An alternative technology for producing cooling is thermally driven cooling where the installment of an absorption chiller could utilize waste heat from existing industries to provide cooling to buildings. Therefore, there are possibilities of lowering the amount of electricity needed for air conditioning.

In this thesis, the potential of using waste heat from sugar mills in Cuba was investigated. The sugar industry is high water consuming and often produces large amounts of heated waste water that is rarely utilized. To collect the data needed for the investigation, a study visit was conducted at the sugar mill Carlos Balino in Villa Clara, Cuba.
Since the factory did not track water mass flows, calculations based on sugar concentrations and energy balances were used to determine the different water outlets.

The identified excess water has a mass flow of 10 kg/s and a temperature of 96 °C, which is enough to supply the factory with cooling. The result of the investigation also showed that the mill could invest in thermally driven cooling with a payback time of between three to six seasons depending on the cost of the selected equipment. The energy savings per crushing season would be nearly 140 000 kWh which equals to financial savings of above 40 000 dollar per season.

If the sugar mill Carlos Balino would invest in an absorption chiller, the cooling supply would be unreliable because of the high number of production shutdowns. Before any possible implementation, the causes for the stops in production need to be further examined. The supply of cooling would otherwise have to rely on thermal energy storage of chilled water, which in such large quantities would be costly.

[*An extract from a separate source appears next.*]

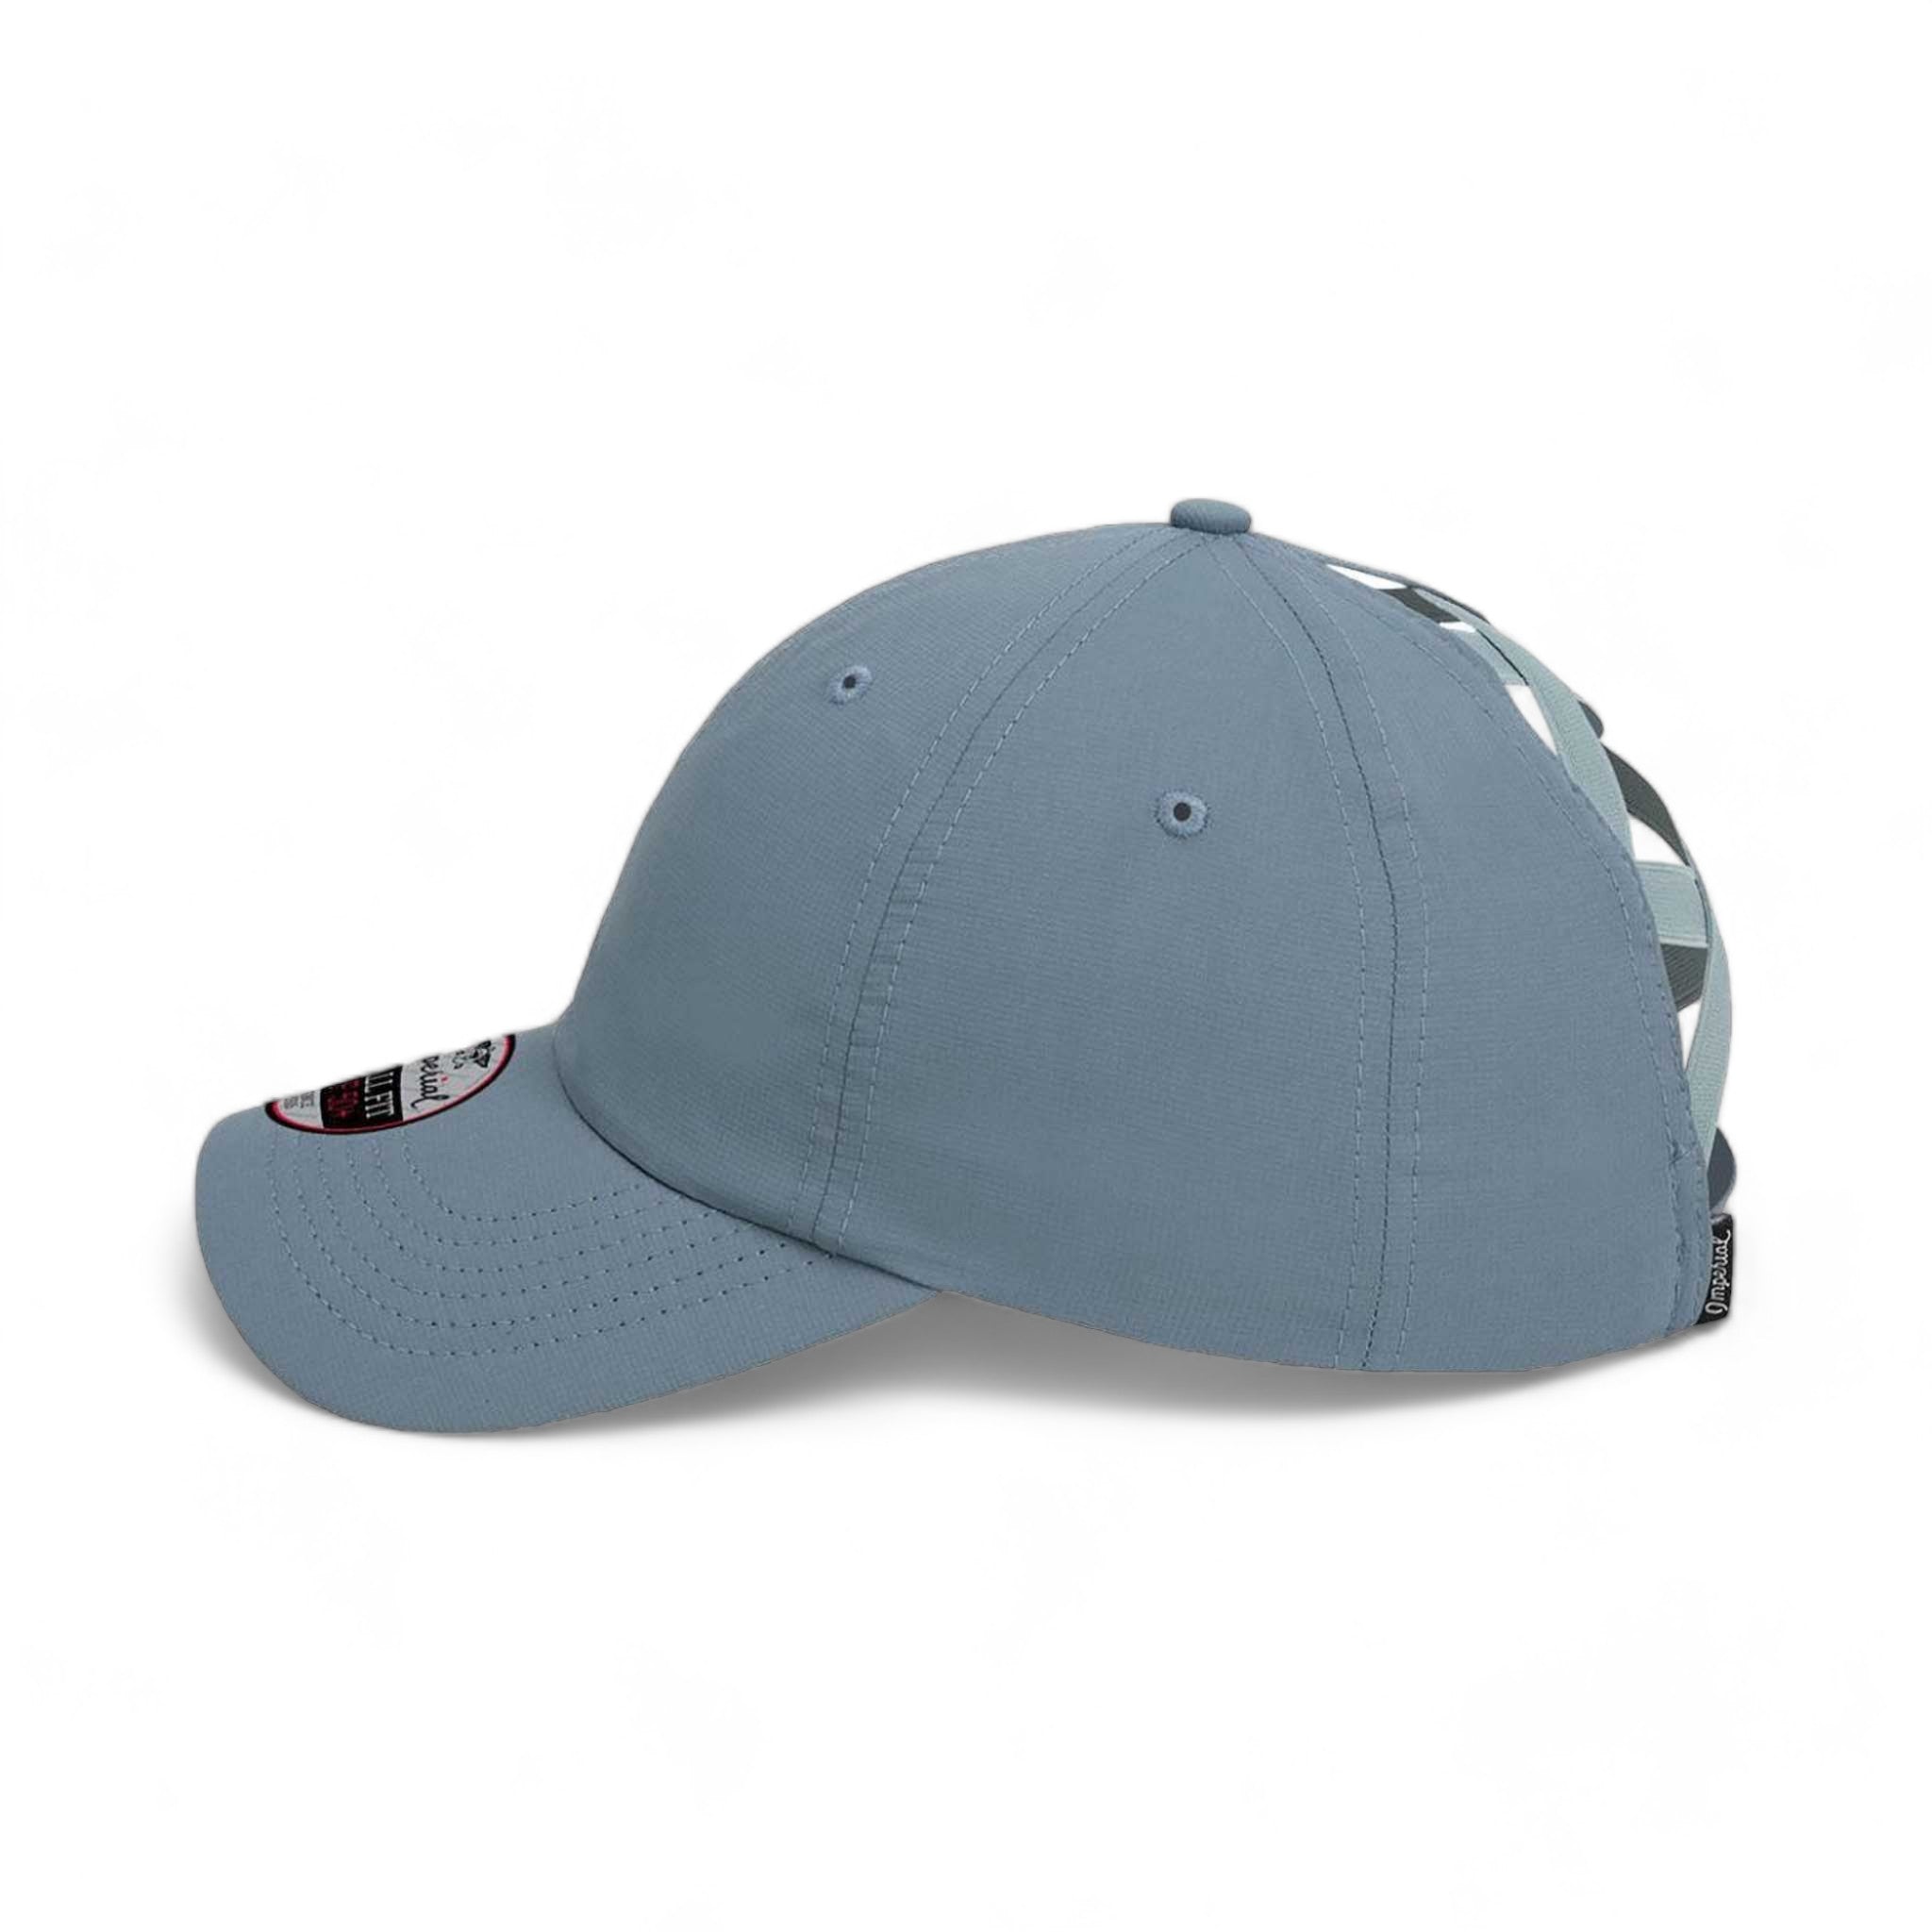 Side view of Imperial L338 custom hat in breaker blue
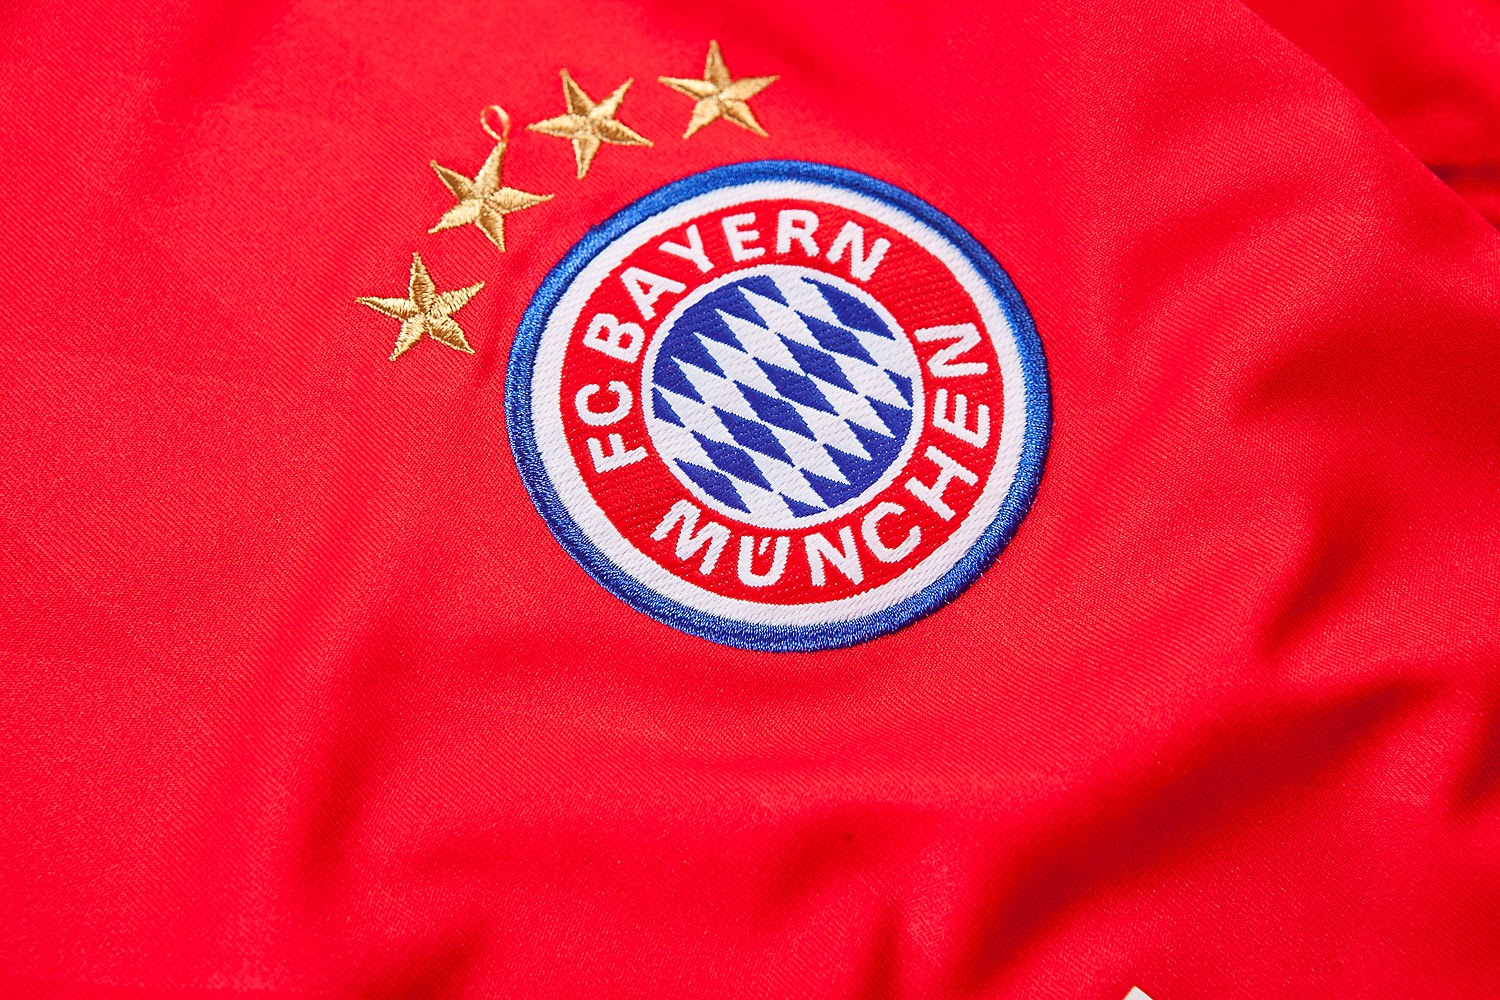 Equipaciones de futbol baratas 2015 online: nueva camisetas de futbol Bayern Munich 2014 baratas

The factory only produces waste heat during the crushing season, which lasts from December throughout April, but there is a cooling demand during the whole year, which means that alternative cooling methods for an off-season cooling supply would have to be investigated. The study concludes that thermally driven cooling would be very suitable for similar industries that also produce large amounts of heated excess water, but are operating all year around and have a more even production rate, both on a daily and seasonal basis.